Date Wed, 03 Jan 2007 11:17:44 +0200

SIn December and January, the royal dictatorship of Swaziland was rocked by a series of 17 petrol-bombings of state targets by pro-democracy militants. No-one was seriously injured in the attacks, but the paranoid state overplayed its hand, arresting several militants and charging them with treason, which normally carries the death penalty, for an offence that at most amounted to damage to private property.
The independently-owned Times of Swaziland was quick to place the blame for the bombings on the Zabalaza Anarchist Communist Federation (ZACF) which is organised clandestinely in Swaziland - the only significant left force in the country after the collapse of the Swazi Communist Party, but hardly an organisation "even mightier than PUDEMO [the outlawed main opposition Peoples’ United Democratic Movement] or SWAYOCO [the Swaziland Youth Congress]".

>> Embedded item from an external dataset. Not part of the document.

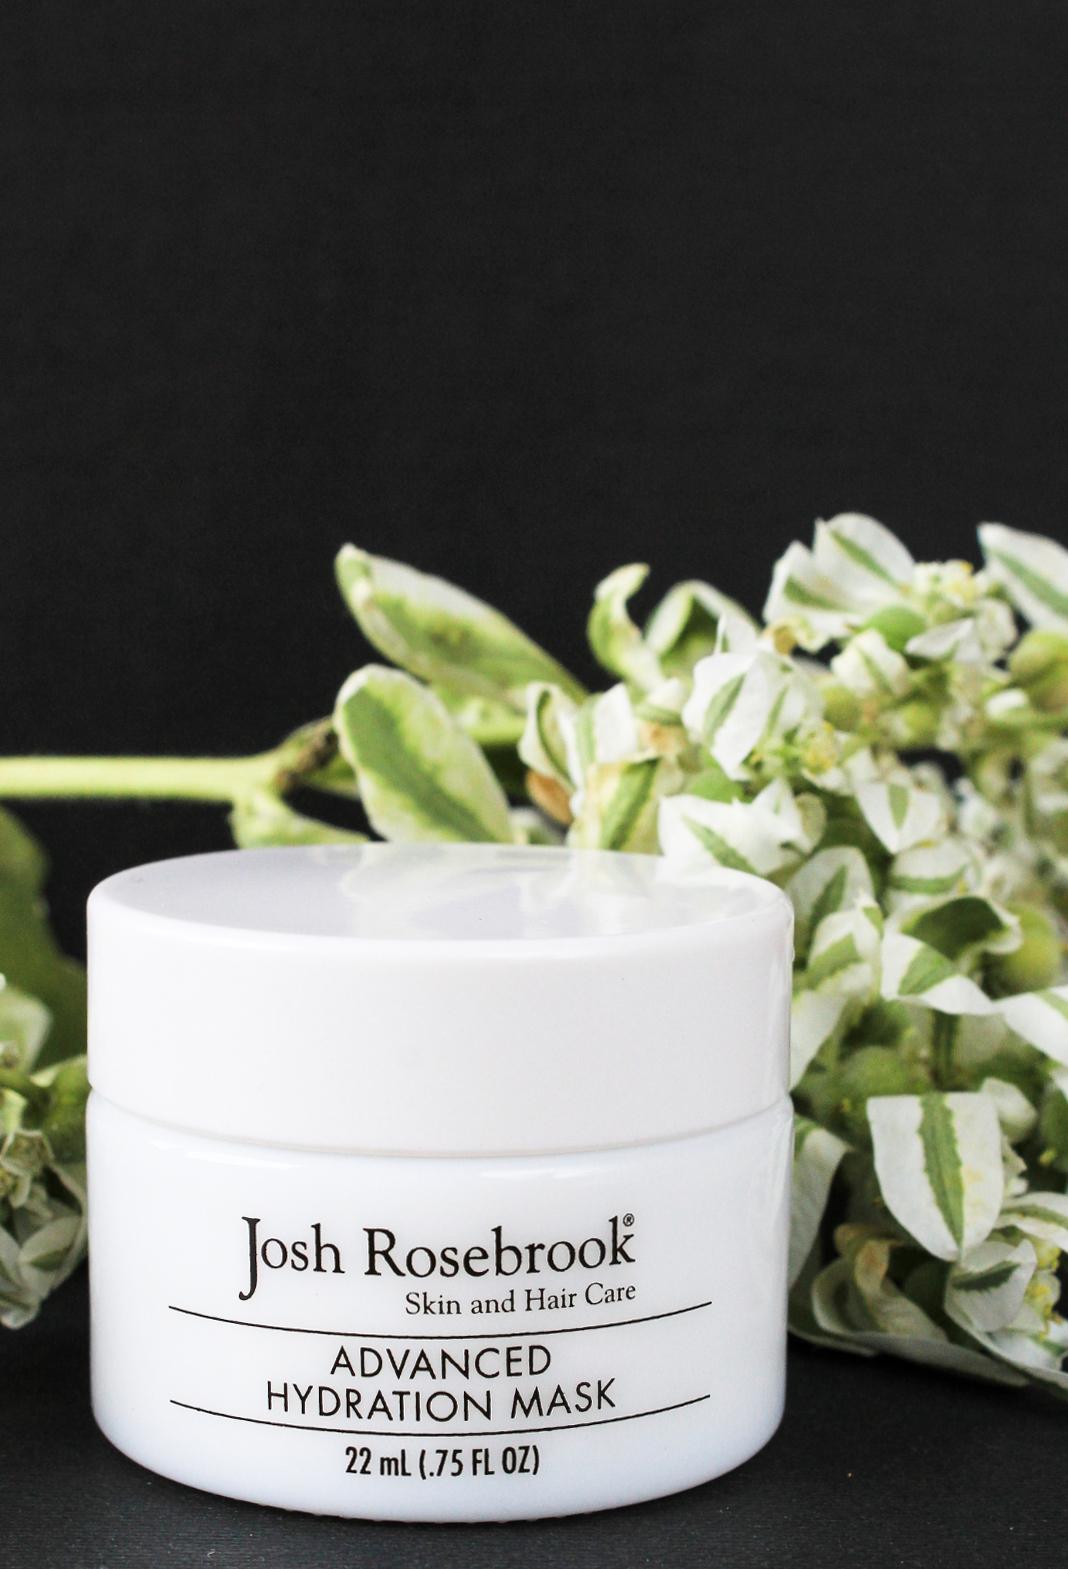 Beauty Heroes September 2018 Beauty Discovery Box Josh Rosebrook Advanced Hydration Mask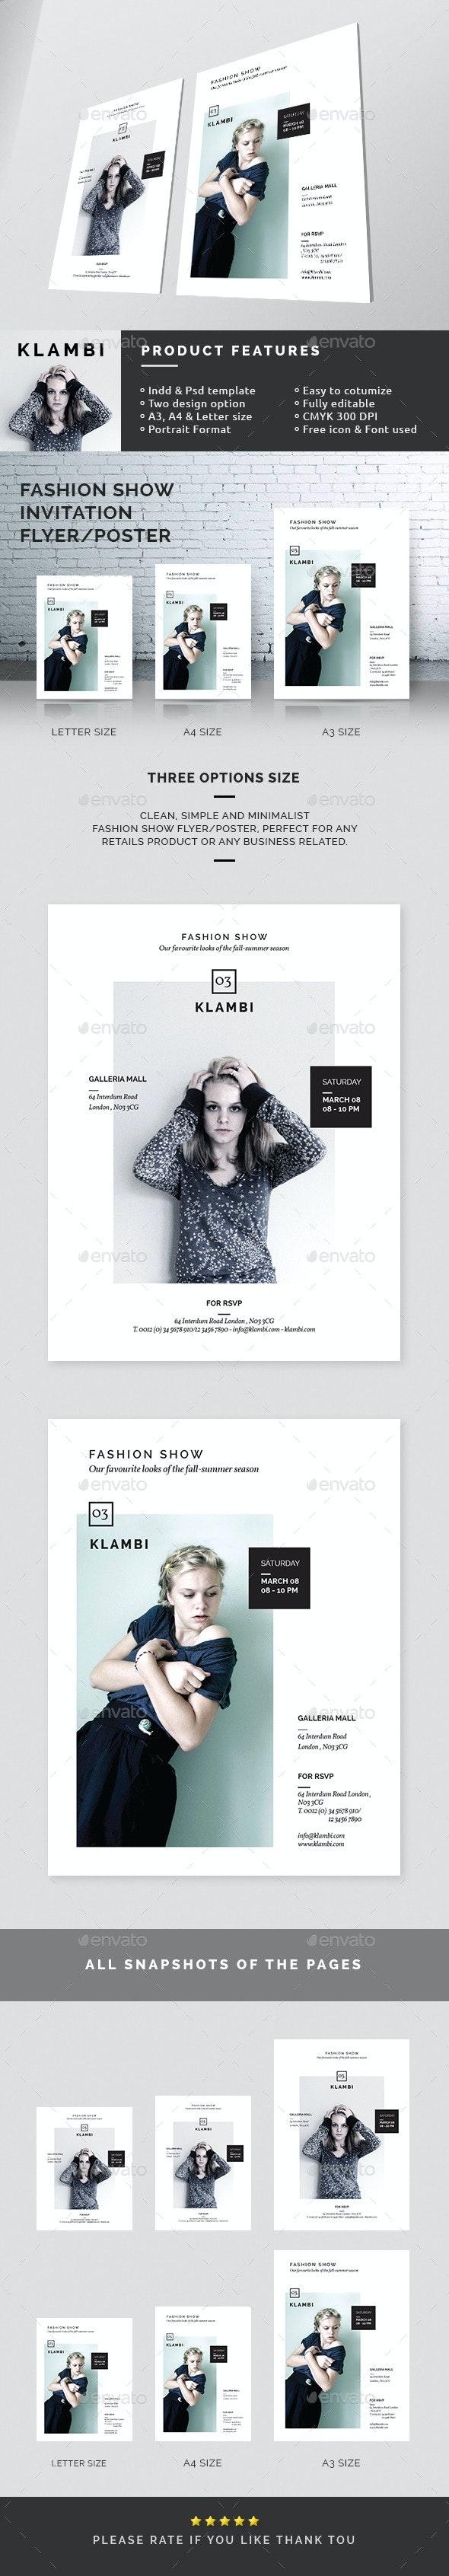 Fashion Show Invitation Flyer/Poster - Miscellaneous Events

In a January 15 article headlined "Zabalaza’s claims of bombing police van," the writer, Mduduzi Magagula, falsely claimed that the ZACF had "stoned and petrol bombed a police vehicle in Manzini during a PUDEMO organised demonstration recently." The false claim perhaps arose from a misreading of a ZACF report from Manzini on the bombing of an armoured police "hippo" by young comrades.

Nevertheless, the Times was professional enough to publish in full a denial of involvement in the bombings by the ZACF - including the federation’s stated aims in the country:

1) The ZACF, which operates in both South Africa and Swaziland, supports the pro-democracy movement in Swaziland, but it does so realising that the Swazi political system can only be changed democratically by the bulk of the Swazi popular classes organising en masse to change it at grassroots level into a form acceptable to themselves. A few people running around with petrol-bombs is both insufficient to change the system and is an anti-democratic substitution of shadowy unaccountable individuals for democratic mass action.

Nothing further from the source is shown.